Atomic reactors cause climate chaos. Some 415 reactors directly heat our air and water in concert with mega-explosions like Chernobyl and Fukushima. All pour radioactive carbon 14 into a lethal brew of filth and wastes.
Despite the latest round of “Nuclear Renaissance” hype, the US lacks the industrial capacity to produce impactful new reactors—large or small— before 2030, if then.
The void comes when we most desperately need to reduce carbon emissions. The mega-grift for unproven new nukes cripples the vital transition to renewables, multiplying the planet-killing impacts of fossil fuels…and of decrepit old reactors whose average age is now over 40.
The original fantasy that the “Peaceful Atom” would be “too cheap to meter” came from Atomic Energy Commission Chair Lewis Strauss, played by Robert Downey, Jr., in “Oppenheimer.”
Harry Truman’s 1952 Paley Commission Report on the future of energy had predicted an epic boom in renewables, including 15,000,000 solar heated US homes by 1975.
But in December, 1953, President Eisenhower—in a remarkably war-like speech—told the United Nations that “Atoms for Peace” would limitlessly power the planet.
On September 6, 1954, the Navy and Westinghouse began building the first US commercial reactor, which opened at Shippingport, Pennsylvania, on May 26, 1958.
In 1974 Richard Nixon promised a thousand US reactors by the year 2000. There were in fact 104. With Vogtle 4’s opening, there are now 94—and none on order or under construction.
Atomic power has become what Forbes Magazine called in 1985 “the largest managerial disaster in business history, a disaster on a monumental scale.”
A 2014 study of 180 nukes worldwide said 175 of them cost 117% more than promised, while going 64% beyond schedule.
Despite the early hype, the Peaceful Atom’s financial catastrophes are too frequent to count, and with price tags too huge to compile, including…
X the 1966 “We Almost Lost Detroit” accident at Michigan’s Fermi I, costing at least $100 million;
X the 1979 Meltdown at Three Mile Island, which—aside from killing innumerable downwinders—converted a $900 million asset to a $2 billion liability;
X the 1983 Washington Public Power System’s $2 billion pubic bond default, the first of its kind, killing four reactors then under construction;
X Sacramento’s 1989 landslide vote to shut the municipal utility’s money-losing Rancho Seco reactor, where surrounding solar panels (unlike the dead nuke) still produce juice;
X the Public Service of New Hampshire’s 1988 dump of Seabrook Unit Two, fueling the first investor-owned utility bankruptcy since the Great Depression;
X the 1998 failure of New York’s never-to-operate $7 billion Shoreham, which shattered the Long Island Lighting Company;
X the 2017 collapse of South Carolina’s VC Summer, whose $9 billion dead loss joined Vogtle’s $20 billion cost overrun to bankrupt Westinghouse;
X NuScale’s 2023 SMR collapse in Idaho, fusing into financial failure the industry’s ever-escalating crises in safety, seismic instability, un-insurabililty, heat and radiation emissions, terrorism, war.
Massive explosions at Russia’s Kyshtym and New Mexico’s Waste Isolation Pilot Project underscore the industry’s unsolved waste management problem.
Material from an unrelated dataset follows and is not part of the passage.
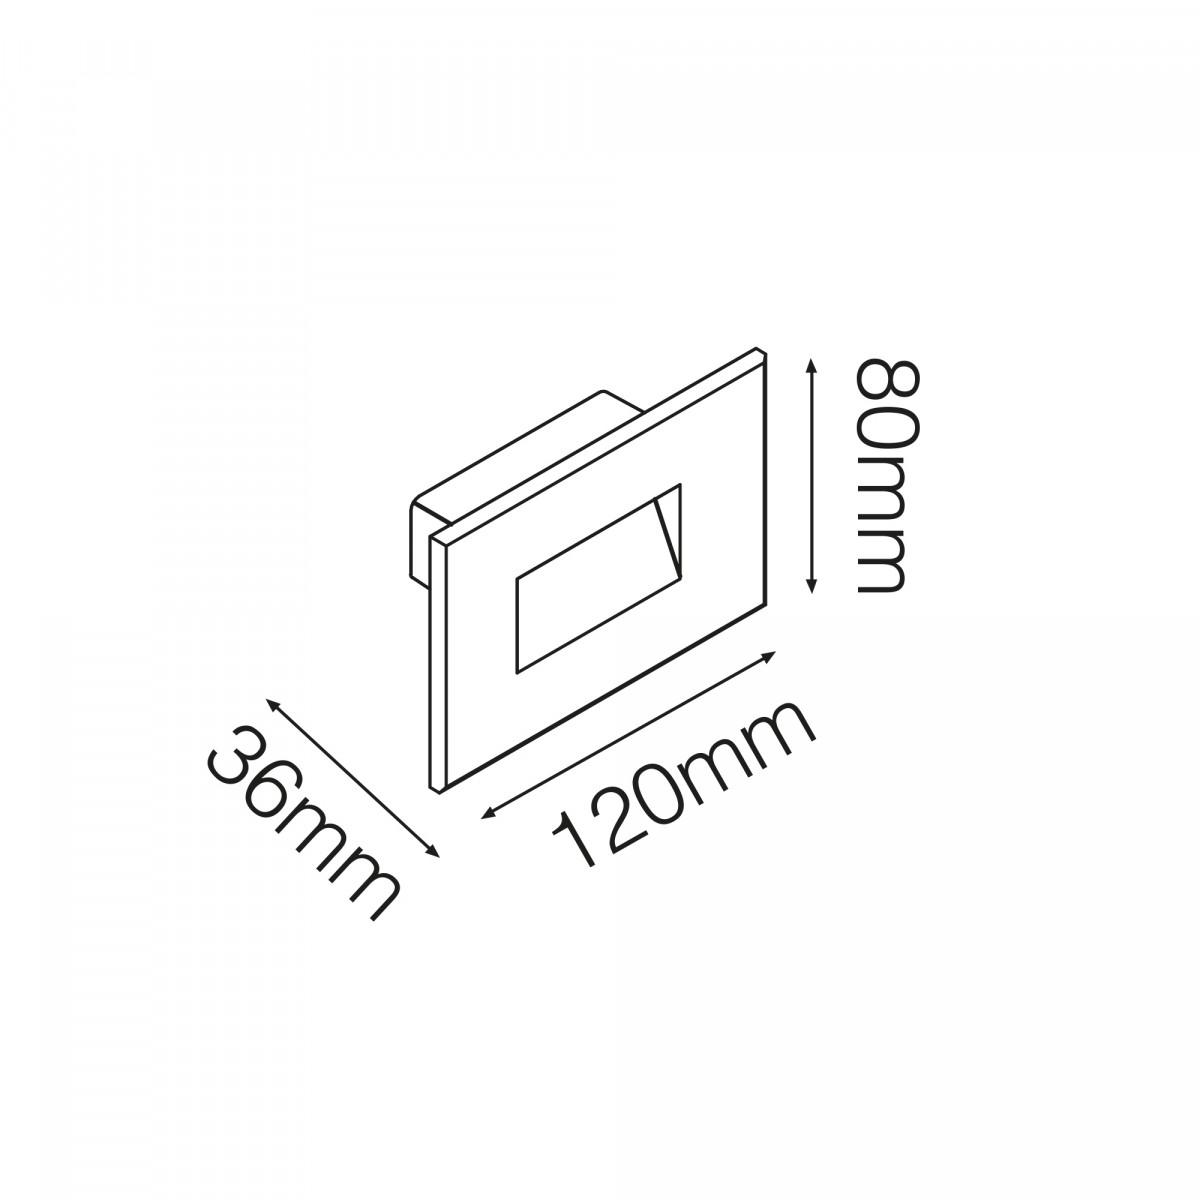 Inbouwspot Silicon 1

So does radioactive devastation at California’s Santa Susanna and the Hanford Nuclear Reservation in Washington State.
After seven decades of experience, massive 21st century catastrophes continue in the US, Finland, France, England.
Westinghouse’s Summer/Vogtle bankruptcy follows 70 years of a “negative learning curve.”
Finland’s Olkiluoto, France’s Flamanville and England’s double reactor project at Hinckley Point are all hugely over budget and years behind schedule. Olkiluoto has occasionally shut to make way for cheaper wind and hydro.
Many of France’s flagship 56 reactors regularly curtail their output for generic repairs…or as rivers become too global-heated to cool the cores without serious downstream eco-damage.
But Germany’s 2023 final reactor closures allow more than half its power to come more cheaply and reliably from renewables.
California’s similar-sized economy now often gets 100+% of its power from renewables, dwarfing remnant double reactors at Diablo Canyon, now costing $1+ billion/year over market.
Undaunted, Brussels’ World Nuclear Summit just hyped a tripled global fleet, calling for investments beyond $5 trillion to fund a production schedule than many believe is simply impossible.
The international banking response has been a grim “Just Say No”…accompanied by a vote of confidence in a renewable future.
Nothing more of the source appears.